*** Opening of STORED DATA ***
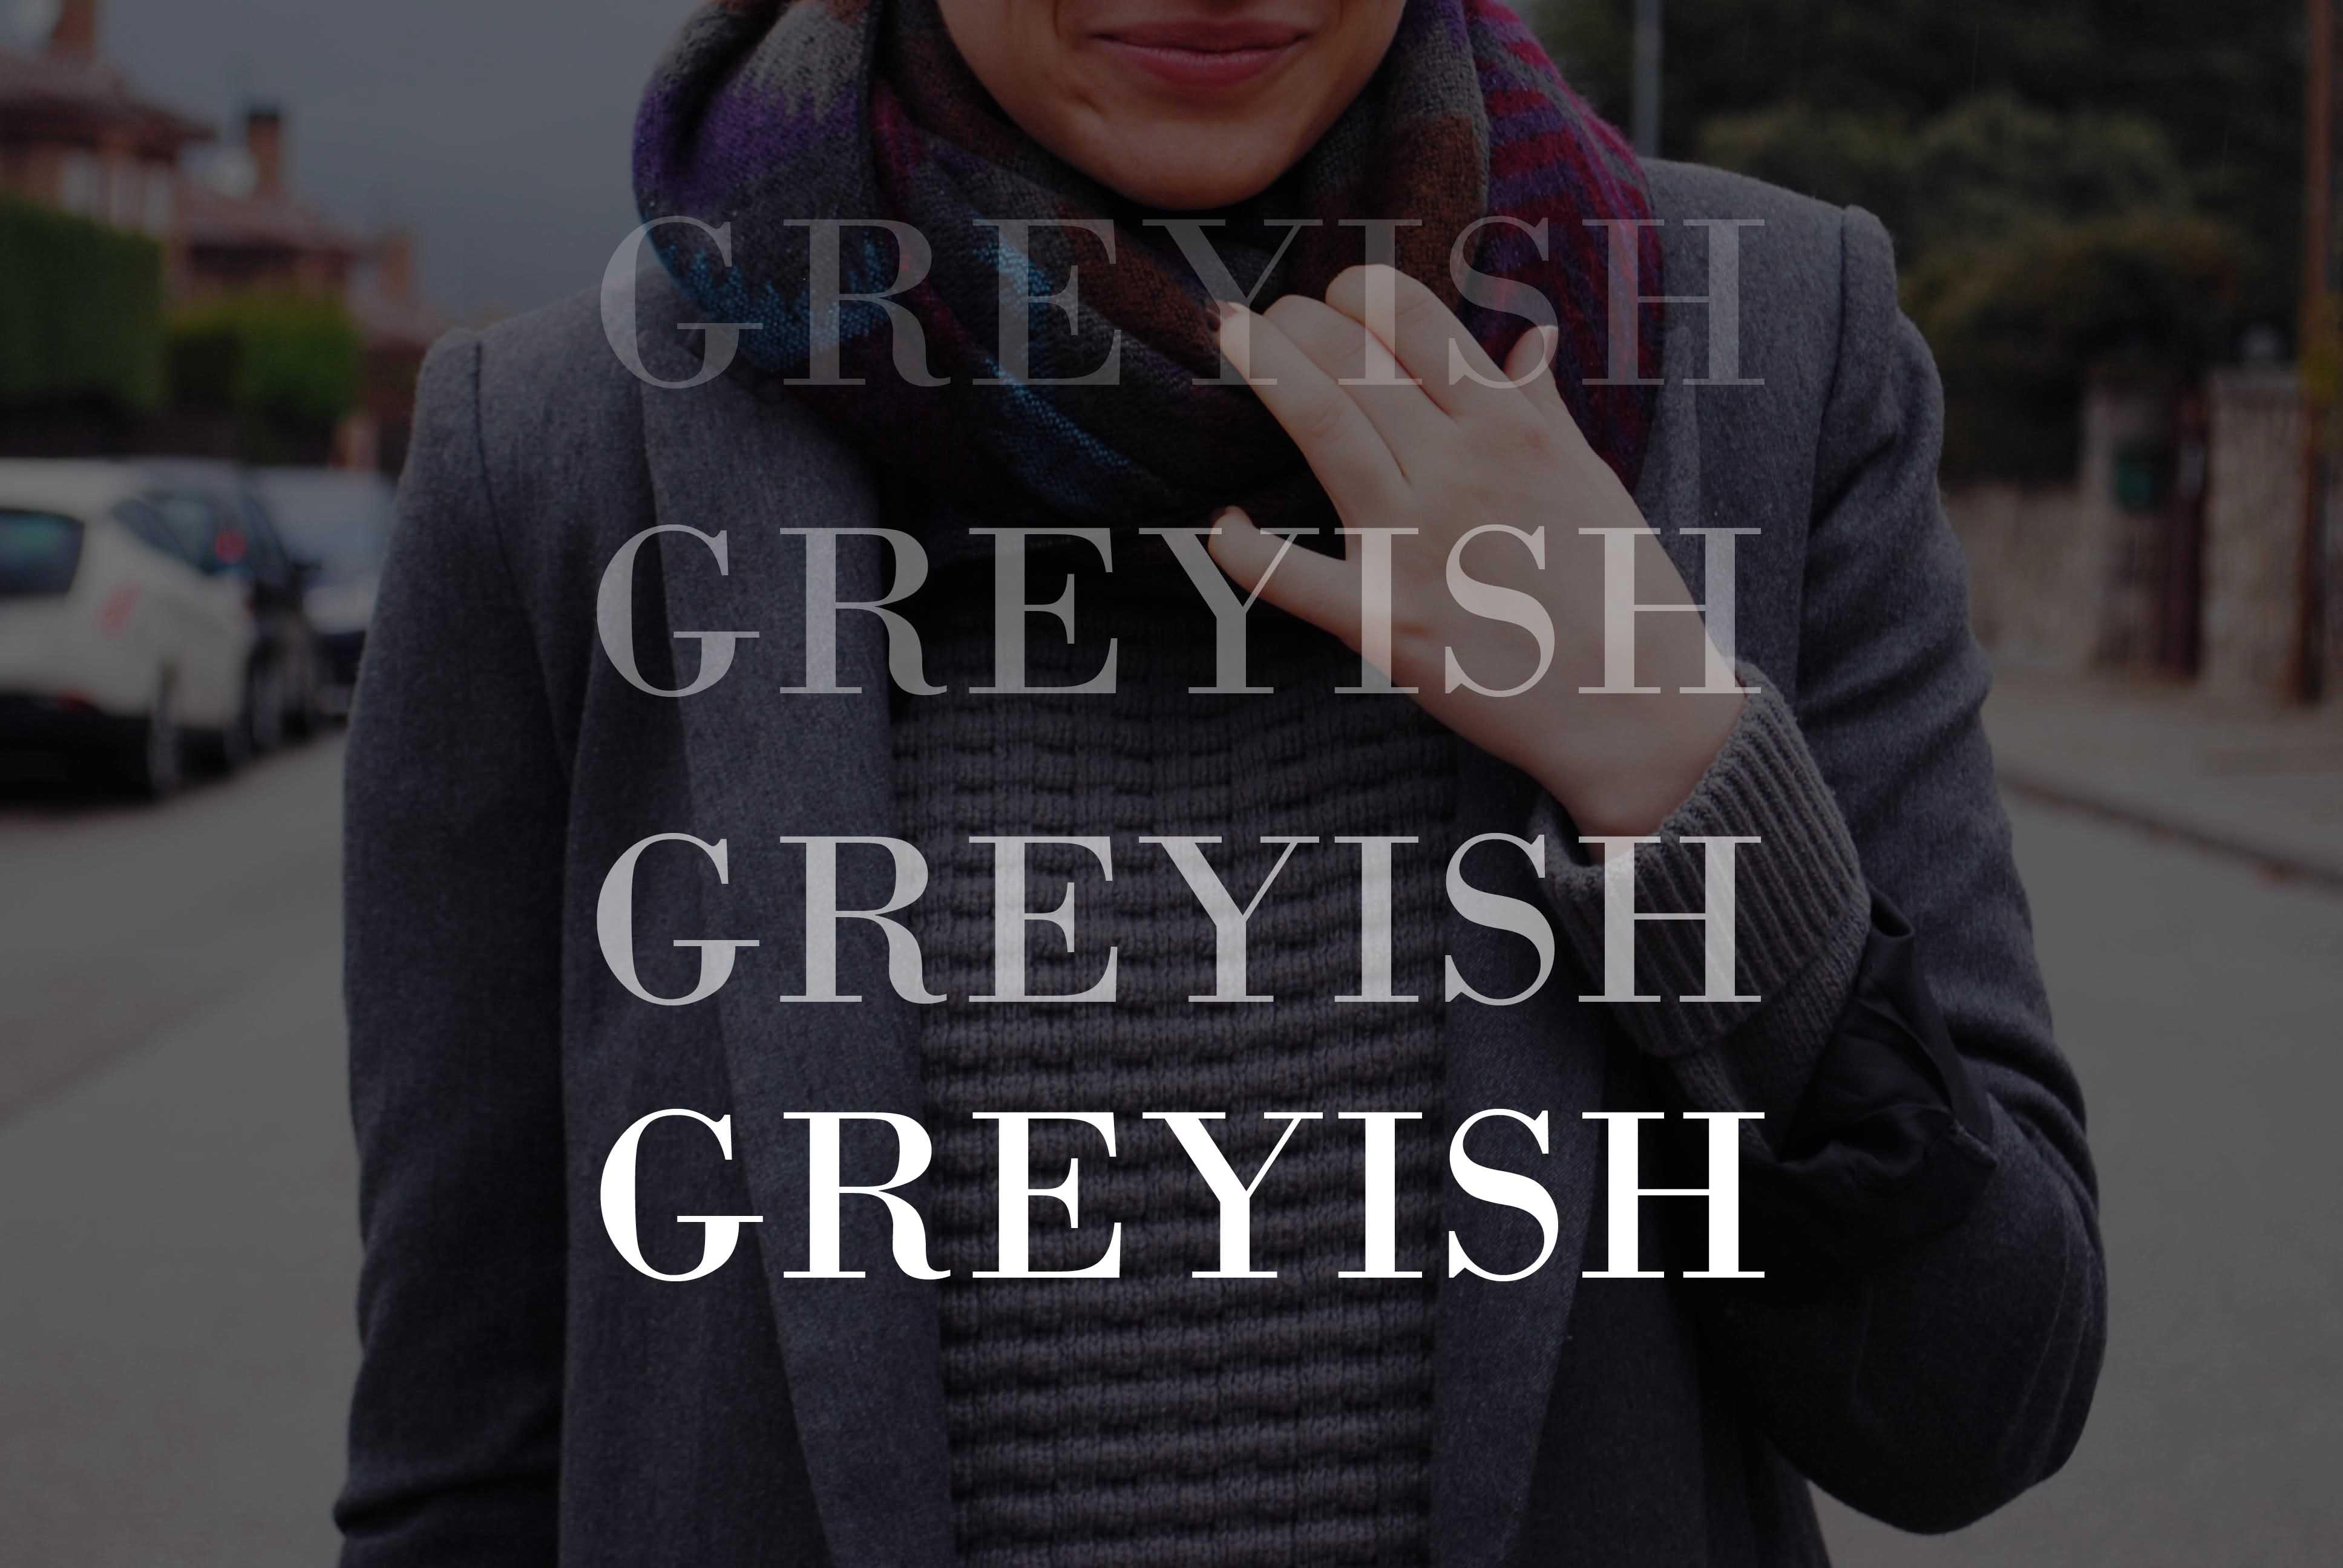 GREYISH-49863-olindastyle
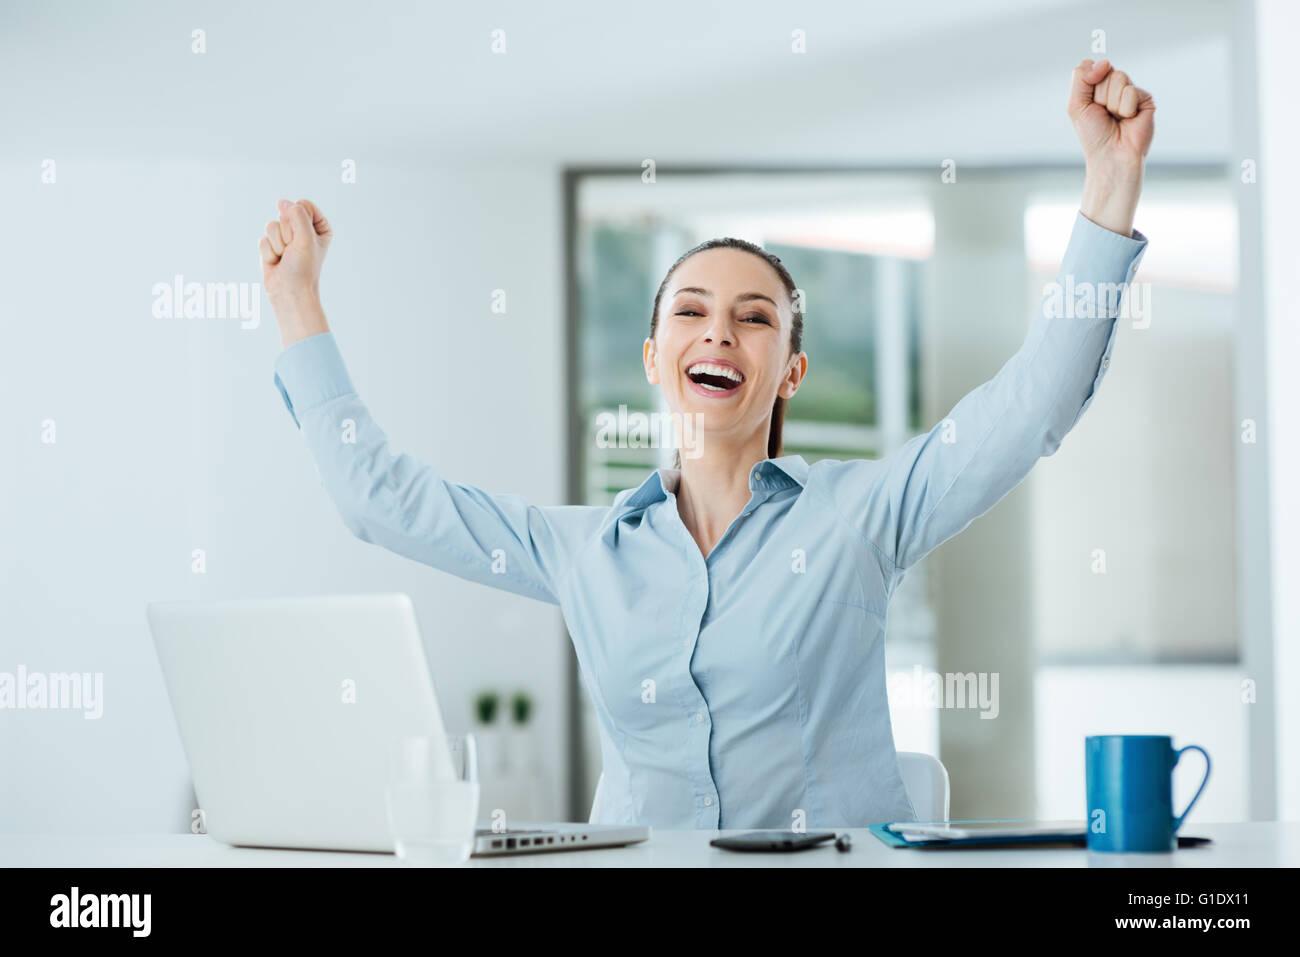 Cheerful businesswoman réussie avec les poings soulevées sitting at Office 24, réalisation et concept Photo Stock
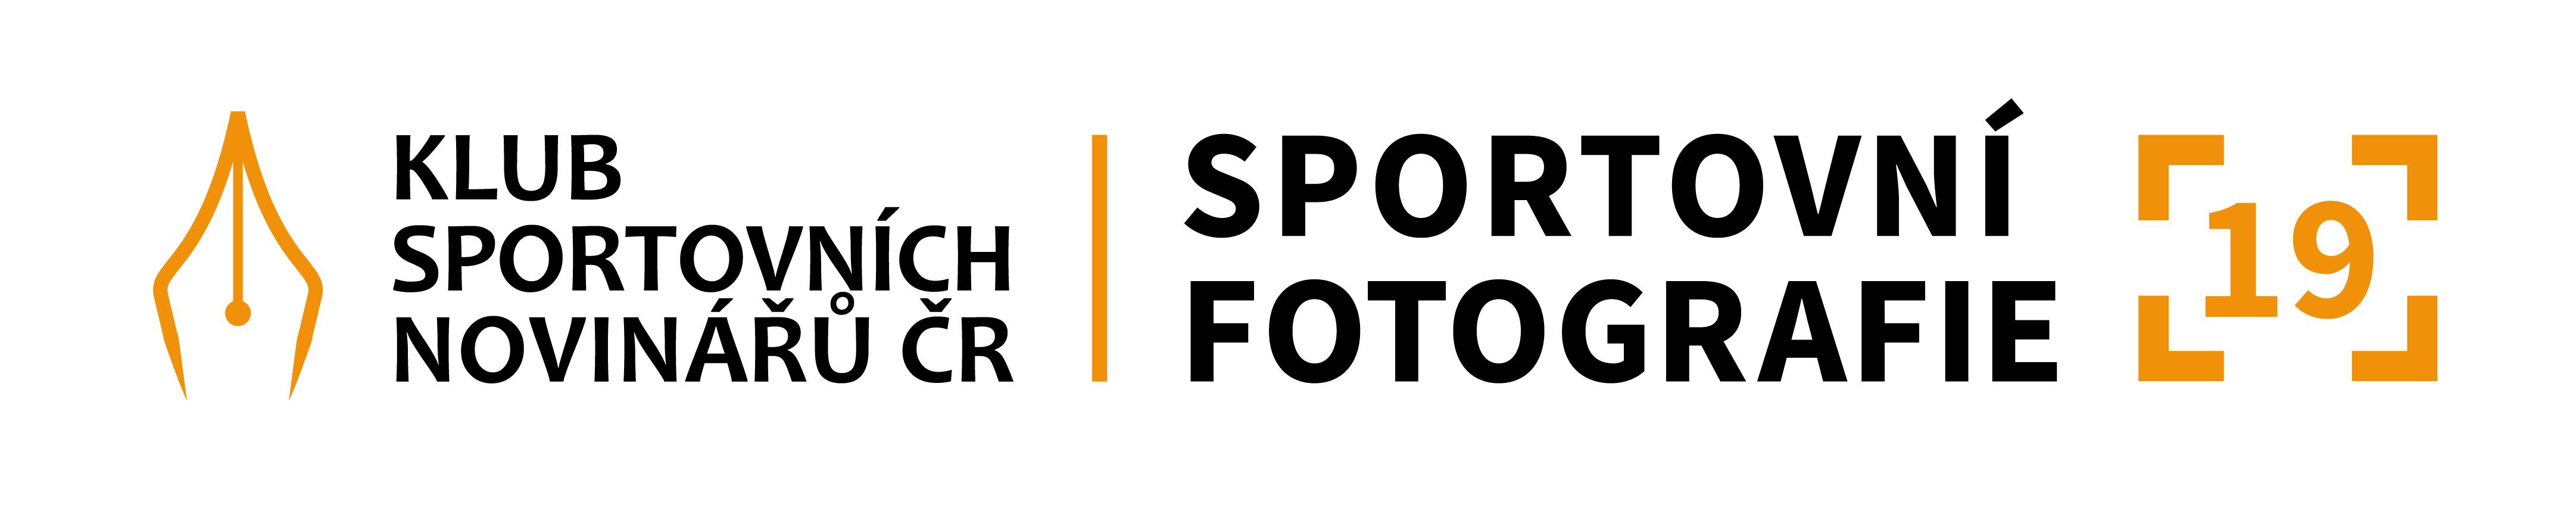 Sportovní fotografie roku 2019
*** Close of STORED DATA ***
ABOUT THIS EXERCISE —
Leave the pictures out and transcribe the remaining material exactly.

TASK RESULT —
 GREYISH-49863-olindastyle
 Cheerful businesswoman réussie avec les poings soulevées sitting at Office 24, réalisation et concept Photo Stock
 Sportovní fotografie roku 2019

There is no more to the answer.